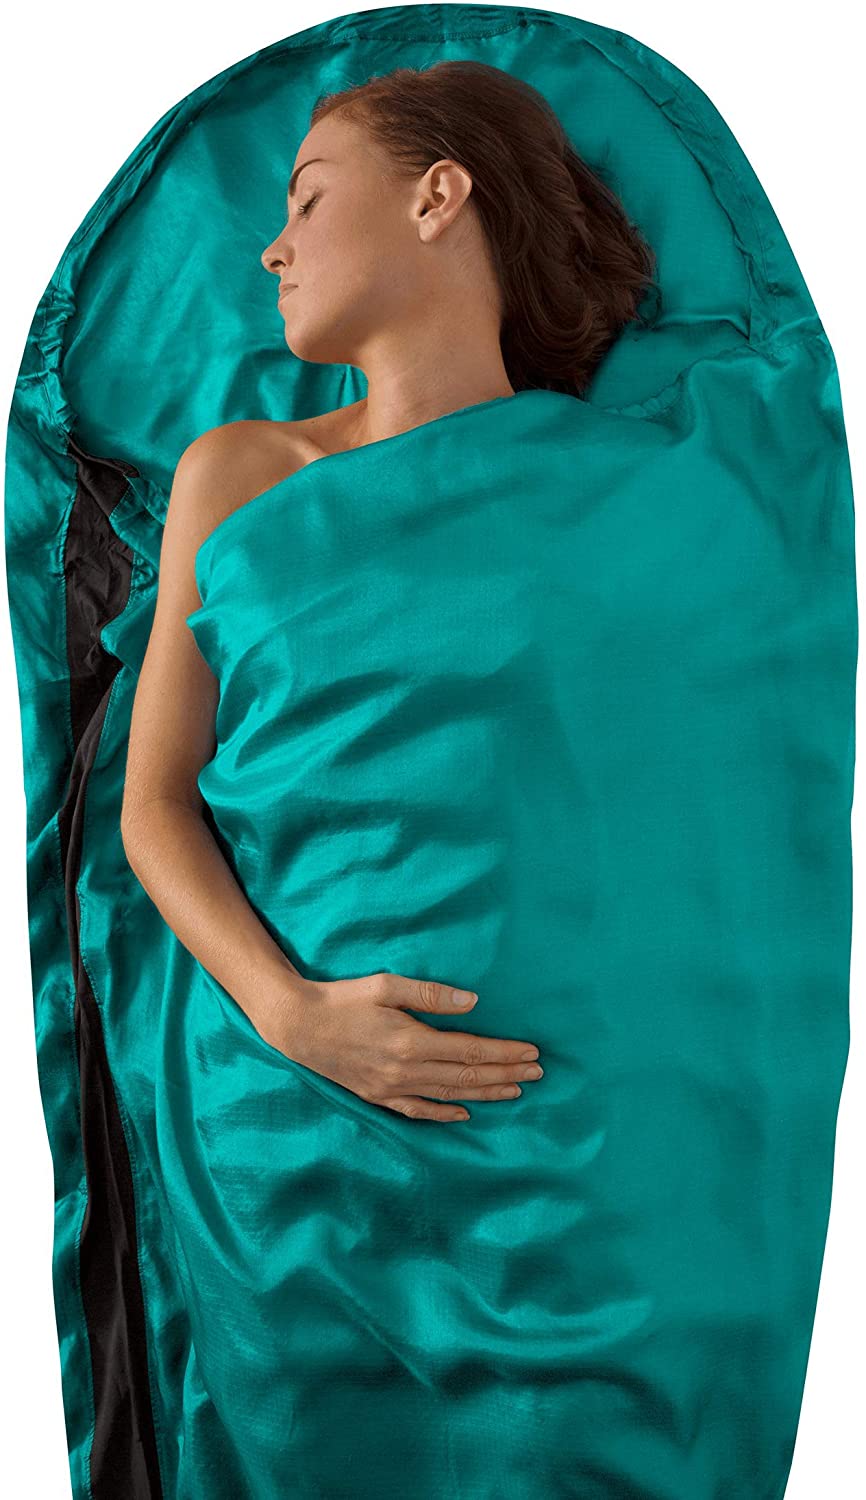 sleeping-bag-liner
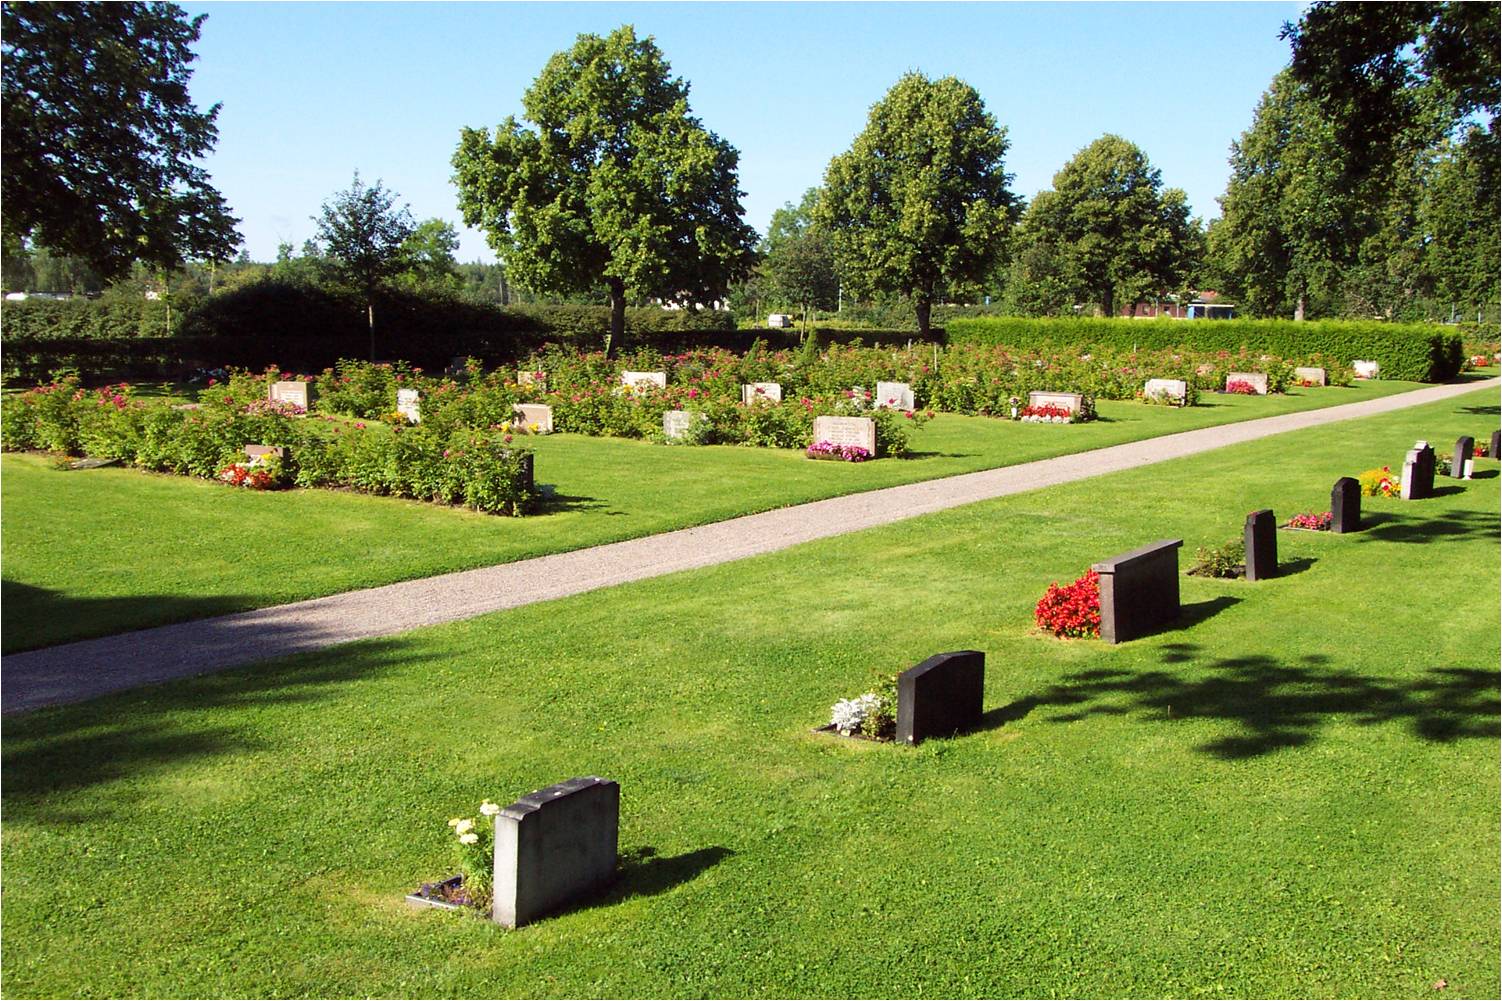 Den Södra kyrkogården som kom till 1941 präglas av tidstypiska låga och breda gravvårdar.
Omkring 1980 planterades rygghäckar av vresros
--
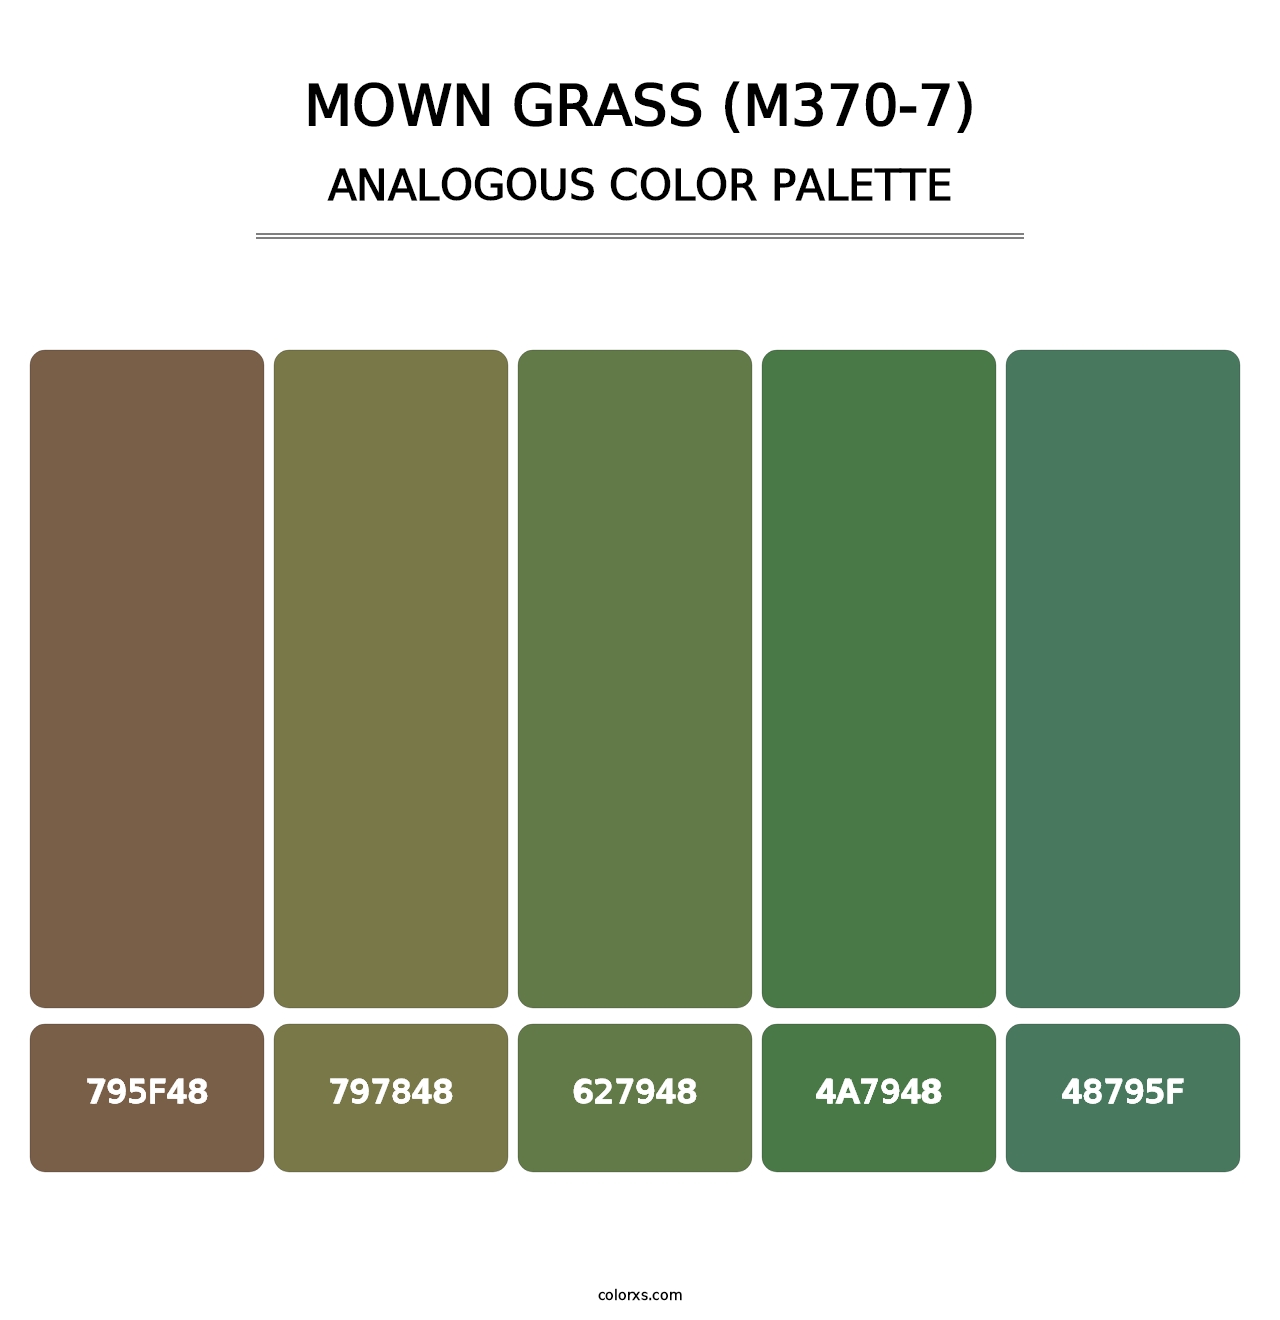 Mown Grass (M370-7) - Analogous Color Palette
--
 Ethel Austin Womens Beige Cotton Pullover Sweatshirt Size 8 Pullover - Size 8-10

About this task :: In the entries above, find the line containing "sleeping-bag-liner" and the line containing "Omkring 1980 planterades"; give again exactly those two lines and every line between them, minus the pictures.

Reply to the task ::
 sleeping-bag-liner
 Den Södra kyrkogården som kom till 1941 präglas av tidstypiska låga och breda gravvårdar.
Omkring 1980 planterades rygghäckar av vresros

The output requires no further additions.